The “opt out” issue has been difficult for the competing business and advocacy interests to reconcile. Essentially, businesses do not like the “opt out” provision for several reasons. First, it is administratively cumbersome requiring businesses to segregate and separate their databases before sale or transfer or sharing. Second, having consumers opt out reduces the quantity of the data making it less valuable to buyers and/or business partners. Finally, the quality of the data may suffer if certain types of consumers turn out to be more likely than other types to opt out. As an analogy, consider targeted demographics for television ratings. Generally, advertisers “chase” younger viewers. Any technology that allows younger viewers to avoid the advertising reduces the value of the television audience. In a similar manner, if valued demographics like college-educated internet users tend to opt out of having their information collected more than other less-desired demographics, then the value of the whole data set degrades.
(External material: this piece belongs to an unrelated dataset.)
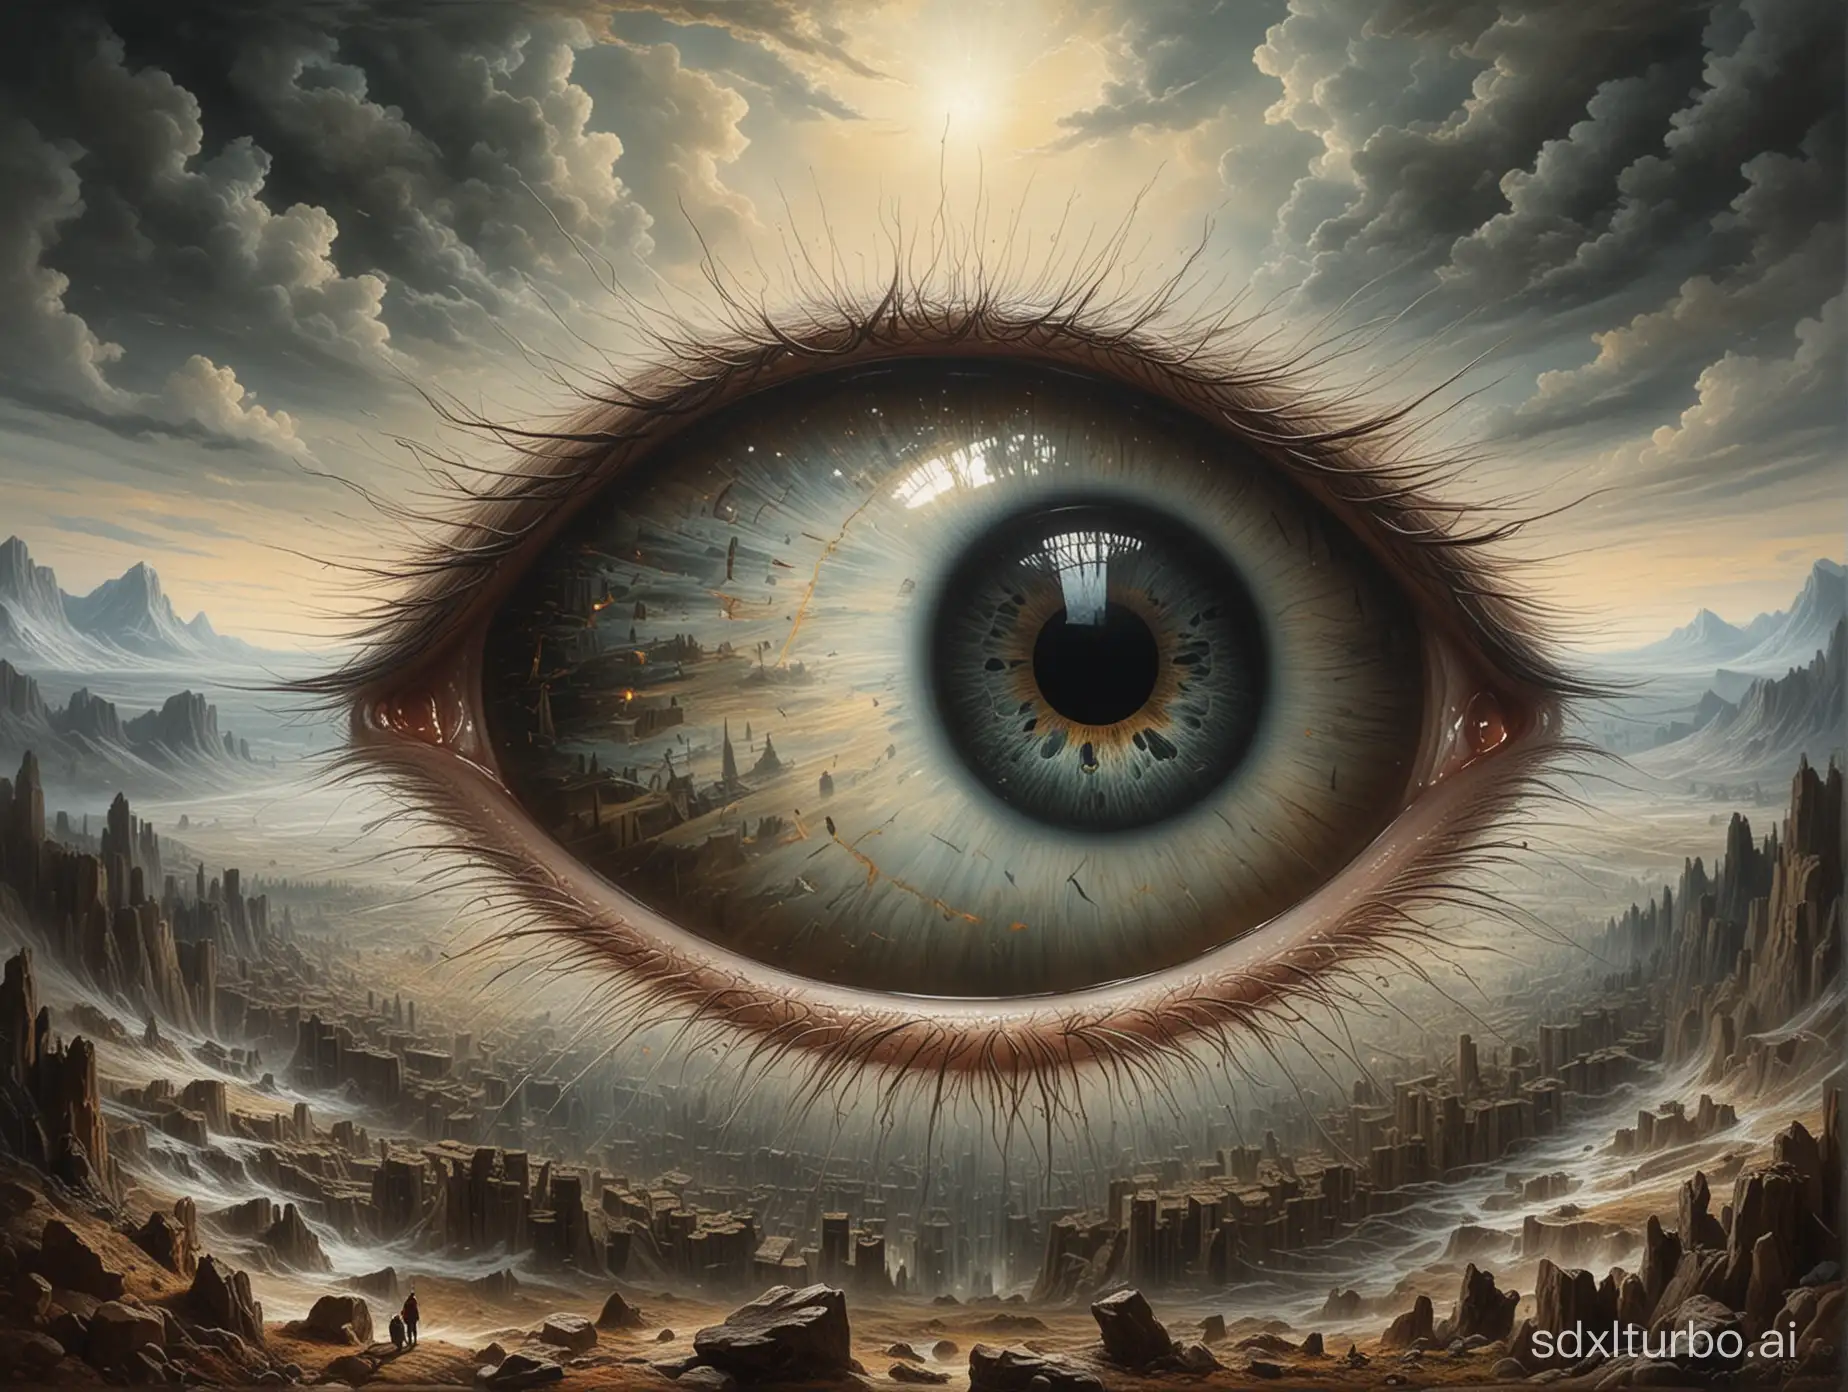 In the center of the image looms a solitary colossal eye, its gaze penetrating and arresting. Beholden to its enormity, the viewer is drawn into a realm where perception and reality converge, evoking a sense of awe and intrigue.

To avoid this, businesses were beginning to implement strategies to make it more difficult to opt out. The new set of proposed regulations issued for the CCPA is aimed at preventing that. Previous versions of the regulations also attempted to rectify the problem, but earlier versions of the regulations were withdrawn. Now the Attorney General is focusing on preventing businesses from interfering with the opt out provisions.

In summary, the amendments require the following:

  • The opt out option must be “easy” — this means that the opt out option must be prominent, easy to locate on a website, must NOT have more steps than necessary for execution and must NOT require consumers to provide more information than necessary to execute
  • Offline businesses that interact with consumers must provide the same sort of notice required for online businesses and must obtain the same types of consents — again, the opt out option must be “easy”
  • Makes all notice and consent requirements (including opt out information) applicable online business chiefly dealing with children under the age of 15

For more information, contact the data privacy lawyers at Revision Legal at 231-714-0100.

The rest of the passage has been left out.